Оказалось, последуем за Фуко, что модерный субъект есть исключительно продукт властных отношений. Следует при этом учитывать, что, согласно Фуко, власть не является только принуждением: условием власти выступает свобода индивида, ибо власть предполагает действие, а, следовательно, выбор. Соответственно, там, где есть власть, есть и сопротивление. Как раз анализ подобного сопротивления постепенно поворачивал Фуко к проблеме формирования новой субъективности, или идентичности. Дискурс, хотя он и принуждает, открыт для радикального воздействия со стороны деятельности. Чтобы преобразовать дискурс, необходимо понять его структуры, и, следовательно, задачей критики является постижение условий возможности дискурса. Если субъективность схватывает условия своего существования, возможность изменений налицо. Идентичность может быть сконструирована по-новому [см. подр.: Mayo 1997; O’Donnell 2003].
Этот момент усиливается у Ж.-Ф. Лиотара, книга которого Состояние постмодерна, вышедшая в 1984 г. [1998], стала основой понимания новой, постмодерной эпохи. Основное, что происходит в этой ситуации, это разрушение “ большогонарратива ”, т.е. единой языковой игры модернити, и переход к множеству языковых игр. Именно языковые игры конституируют социальную связь и задают множественность идентичностей. Значение концепции Лиотара в том, что он работает с понятием социального, которое выявляет меняющийся характер социальных отношений. Отвергая классические нормативные представления о социальной интеграции, он отстаивает концепт социальной связи, сформированной новым характером отношений, например, таких, которые устанавливаются знанием. Таким образом, в одном смысле социальное приходит к своему концу, тогда как в другом оно восстанавливается в новой форме. Конечно, никакая позитивистская (“научная”) социология со своей теорией социальных ролей, даже если под нее и подверстывается “системный анализ”, с этим справиться не могла.

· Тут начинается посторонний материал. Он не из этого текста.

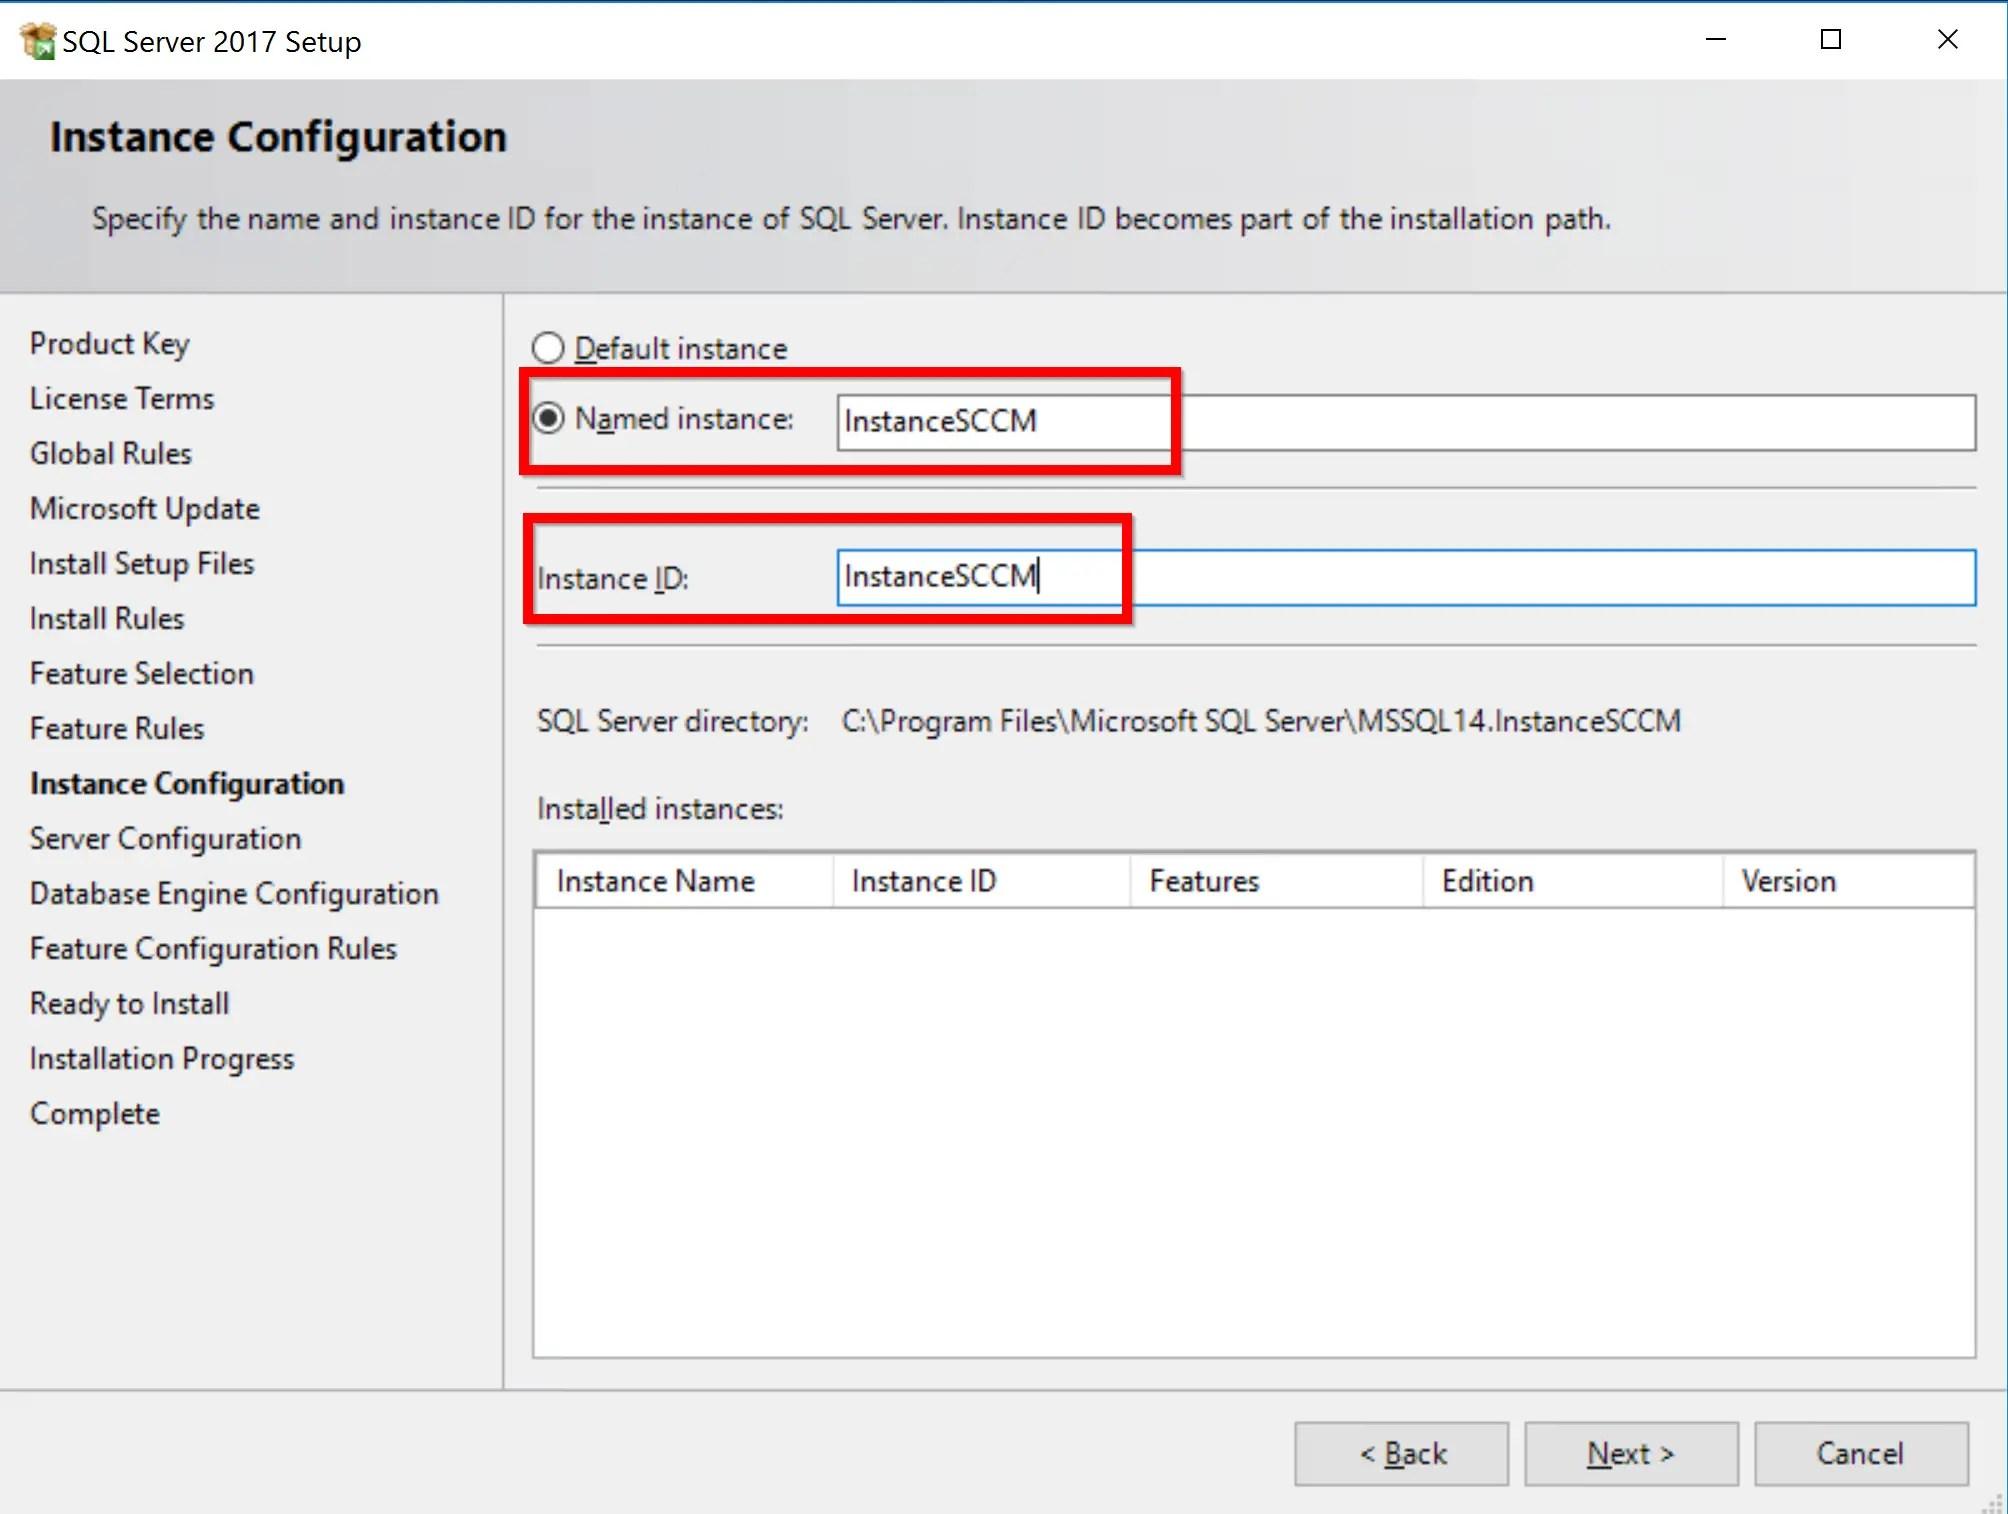 SQL Server 2017 Step by step for SCCM Installation 8

Тема конца социального была продолжена и особенно подробно разработана Ж. Бодрийаром. В центре его социальной теории находится положение о том, что категория социального, в какой бы форме оно не существовало прежде, к концу двадцатого столетия пришла в упадок в результате возникновения различного рода символических порядков, предпочитающих не коммуникацию, а сигнификацию, или способы конструирования реальности посредством масс–медиа. Социальное есть “симуляция” масс–медиа и информационной технологии и не обладает собственной автономией, это мир знаков или симулякров. Такими же симуляциями оказываются и идентичности.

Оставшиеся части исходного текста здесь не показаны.